Segment Start: Extracted records

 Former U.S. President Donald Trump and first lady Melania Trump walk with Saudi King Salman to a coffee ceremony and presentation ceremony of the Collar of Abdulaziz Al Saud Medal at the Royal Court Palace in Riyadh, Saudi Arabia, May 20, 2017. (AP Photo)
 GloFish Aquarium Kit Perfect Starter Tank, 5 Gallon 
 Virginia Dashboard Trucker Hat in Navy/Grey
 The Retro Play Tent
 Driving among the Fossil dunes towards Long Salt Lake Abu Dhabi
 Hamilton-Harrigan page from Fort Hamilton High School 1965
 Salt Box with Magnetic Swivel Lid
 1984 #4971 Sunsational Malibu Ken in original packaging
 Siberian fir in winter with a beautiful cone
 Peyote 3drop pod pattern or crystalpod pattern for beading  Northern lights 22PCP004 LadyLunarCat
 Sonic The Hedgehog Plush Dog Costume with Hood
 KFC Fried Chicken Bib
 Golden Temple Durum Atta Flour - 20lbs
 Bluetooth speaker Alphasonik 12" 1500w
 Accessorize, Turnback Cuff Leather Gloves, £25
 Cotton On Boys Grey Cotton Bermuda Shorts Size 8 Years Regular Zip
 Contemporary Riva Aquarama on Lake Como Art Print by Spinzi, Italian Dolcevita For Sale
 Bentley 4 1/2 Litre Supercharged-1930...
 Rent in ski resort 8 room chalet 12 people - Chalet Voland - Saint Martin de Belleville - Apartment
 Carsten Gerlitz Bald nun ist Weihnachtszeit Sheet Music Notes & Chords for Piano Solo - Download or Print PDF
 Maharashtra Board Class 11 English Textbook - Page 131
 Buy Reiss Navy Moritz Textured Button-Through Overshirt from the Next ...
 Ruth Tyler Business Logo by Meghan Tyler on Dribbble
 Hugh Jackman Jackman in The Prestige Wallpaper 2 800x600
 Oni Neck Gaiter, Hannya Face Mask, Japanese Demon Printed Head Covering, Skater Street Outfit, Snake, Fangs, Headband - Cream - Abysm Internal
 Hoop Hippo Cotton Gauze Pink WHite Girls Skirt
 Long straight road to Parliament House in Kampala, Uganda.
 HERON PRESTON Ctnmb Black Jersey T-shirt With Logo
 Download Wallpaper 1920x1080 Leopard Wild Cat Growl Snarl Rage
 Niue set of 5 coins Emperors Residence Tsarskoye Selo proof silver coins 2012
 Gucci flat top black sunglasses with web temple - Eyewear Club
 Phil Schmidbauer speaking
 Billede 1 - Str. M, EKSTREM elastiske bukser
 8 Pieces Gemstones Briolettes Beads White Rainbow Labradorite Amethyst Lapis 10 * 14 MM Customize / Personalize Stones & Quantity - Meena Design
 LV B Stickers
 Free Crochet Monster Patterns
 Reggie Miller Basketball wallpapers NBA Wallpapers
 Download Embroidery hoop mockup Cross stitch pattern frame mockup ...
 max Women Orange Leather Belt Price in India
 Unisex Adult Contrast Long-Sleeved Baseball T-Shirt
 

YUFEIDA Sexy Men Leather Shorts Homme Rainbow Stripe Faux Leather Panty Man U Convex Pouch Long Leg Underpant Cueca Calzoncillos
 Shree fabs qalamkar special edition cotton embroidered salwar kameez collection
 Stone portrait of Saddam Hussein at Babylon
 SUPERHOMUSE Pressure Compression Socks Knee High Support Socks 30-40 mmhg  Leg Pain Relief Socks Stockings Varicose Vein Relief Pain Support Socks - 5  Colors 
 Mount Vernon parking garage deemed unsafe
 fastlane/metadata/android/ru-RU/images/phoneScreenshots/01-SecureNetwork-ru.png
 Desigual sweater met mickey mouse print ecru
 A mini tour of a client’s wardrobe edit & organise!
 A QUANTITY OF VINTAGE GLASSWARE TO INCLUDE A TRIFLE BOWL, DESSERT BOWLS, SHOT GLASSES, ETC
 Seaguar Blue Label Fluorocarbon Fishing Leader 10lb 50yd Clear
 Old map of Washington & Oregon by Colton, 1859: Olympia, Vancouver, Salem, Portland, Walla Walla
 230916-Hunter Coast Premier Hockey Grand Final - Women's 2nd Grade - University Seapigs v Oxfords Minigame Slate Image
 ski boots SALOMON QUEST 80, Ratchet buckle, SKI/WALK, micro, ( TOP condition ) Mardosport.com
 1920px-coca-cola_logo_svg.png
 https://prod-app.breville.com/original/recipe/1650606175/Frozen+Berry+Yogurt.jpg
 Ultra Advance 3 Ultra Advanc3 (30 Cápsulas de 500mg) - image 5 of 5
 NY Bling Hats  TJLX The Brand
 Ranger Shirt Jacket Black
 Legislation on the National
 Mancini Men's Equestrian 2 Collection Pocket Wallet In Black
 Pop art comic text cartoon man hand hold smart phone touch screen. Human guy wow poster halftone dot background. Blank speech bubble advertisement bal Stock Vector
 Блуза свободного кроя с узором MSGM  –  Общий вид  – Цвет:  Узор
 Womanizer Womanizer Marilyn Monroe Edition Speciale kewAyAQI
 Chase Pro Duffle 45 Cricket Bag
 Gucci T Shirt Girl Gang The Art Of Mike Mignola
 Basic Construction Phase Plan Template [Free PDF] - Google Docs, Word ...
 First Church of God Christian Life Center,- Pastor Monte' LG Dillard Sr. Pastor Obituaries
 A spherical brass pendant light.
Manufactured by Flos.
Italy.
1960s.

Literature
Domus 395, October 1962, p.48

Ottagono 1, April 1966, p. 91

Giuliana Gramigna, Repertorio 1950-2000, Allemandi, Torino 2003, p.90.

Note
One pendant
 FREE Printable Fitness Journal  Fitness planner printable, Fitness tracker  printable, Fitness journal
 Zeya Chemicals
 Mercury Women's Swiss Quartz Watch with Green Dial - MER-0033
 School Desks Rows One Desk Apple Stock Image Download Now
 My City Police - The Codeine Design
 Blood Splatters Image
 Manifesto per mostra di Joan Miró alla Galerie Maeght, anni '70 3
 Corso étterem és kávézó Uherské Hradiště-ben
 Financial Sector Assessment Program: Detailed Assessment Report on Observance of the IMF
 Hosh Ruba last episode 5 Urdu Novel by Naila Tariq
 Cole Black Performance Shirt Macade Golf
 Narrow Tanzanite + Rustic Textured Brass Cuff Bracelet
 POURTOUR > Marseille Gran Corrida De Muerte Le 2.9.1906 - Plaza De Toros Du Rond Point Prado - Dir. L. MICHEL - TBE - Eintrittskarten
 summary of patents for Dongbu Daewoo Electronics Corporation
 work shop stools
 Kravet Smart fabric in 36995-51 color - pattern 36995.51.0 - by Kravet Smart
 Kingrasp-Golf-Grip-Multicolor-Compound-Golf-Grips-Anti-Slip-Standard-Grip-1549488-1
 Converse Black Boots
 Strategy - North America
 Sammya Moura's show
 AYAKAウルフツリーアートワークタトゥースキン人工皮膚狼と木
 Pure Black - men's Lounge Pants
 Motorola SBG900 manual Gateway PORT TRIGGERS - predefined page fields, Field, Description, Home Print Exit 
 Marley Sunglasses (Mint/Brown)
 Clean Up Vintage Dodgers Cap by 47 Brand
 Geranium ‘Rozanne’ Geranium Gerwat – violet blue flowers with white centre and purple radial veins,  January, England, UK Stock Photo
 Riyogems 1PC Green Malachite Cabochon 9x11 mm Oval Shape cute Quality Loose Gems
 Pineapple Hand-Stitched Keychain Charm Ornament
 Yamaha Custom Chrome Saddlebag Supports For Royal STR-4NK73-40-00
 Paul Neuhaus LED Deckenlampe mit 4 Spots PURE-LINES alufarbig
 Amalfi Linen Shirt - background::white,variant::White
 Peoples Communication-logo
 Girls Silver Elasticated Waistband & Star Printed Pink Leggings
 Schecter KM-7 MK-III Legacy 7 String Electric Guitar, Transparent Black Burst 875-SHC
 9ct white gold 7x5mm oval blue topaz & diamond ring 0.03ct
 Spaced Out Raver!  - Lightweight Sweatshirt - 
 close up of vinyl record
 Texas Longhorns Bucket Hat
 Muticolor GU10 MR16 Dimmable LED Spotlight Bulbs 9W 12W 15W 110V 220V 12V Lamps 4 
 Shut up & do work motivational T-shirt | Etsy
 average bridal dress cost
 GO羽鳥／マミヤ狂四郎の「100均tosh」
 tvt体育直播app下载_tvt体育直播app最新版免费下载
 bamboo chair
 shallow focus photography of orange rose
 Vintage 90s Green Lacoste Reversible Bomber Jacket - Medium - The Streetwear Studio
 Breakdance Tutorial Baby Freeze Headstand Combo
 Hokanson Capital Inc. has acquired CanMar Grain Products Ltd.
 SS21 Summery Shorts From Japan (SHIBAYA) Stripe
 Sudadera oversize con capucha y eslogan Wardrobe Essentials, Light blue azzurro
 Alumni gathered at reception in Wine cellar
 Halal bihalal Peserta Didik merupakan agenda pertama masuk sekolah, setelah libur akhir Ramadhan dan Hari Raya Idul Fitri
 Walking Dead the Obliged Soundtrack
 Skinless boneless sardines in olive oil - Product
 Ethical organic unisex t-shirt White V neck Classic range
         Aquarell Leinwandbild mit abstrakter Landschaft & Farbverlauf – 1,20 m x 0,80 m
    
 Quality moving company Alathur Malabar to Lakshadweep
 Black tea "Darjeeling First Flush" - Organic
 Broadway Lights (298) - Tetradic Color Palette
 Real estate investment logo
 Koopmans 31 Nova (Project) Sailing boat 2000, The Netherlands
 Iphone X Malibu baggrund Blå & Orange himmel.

Segment End: Extracted records

» **Directions for this task**
Write out every line, unchanged, from the one containing "Koopmans 31 Nova" through the closing line of the data.

» **Problem solution**
 Koopmans 31 Nova (Project) Sailing boat 2000, The Netherlands
 Iphone X Malibu baggrund Blå & Orange himmel.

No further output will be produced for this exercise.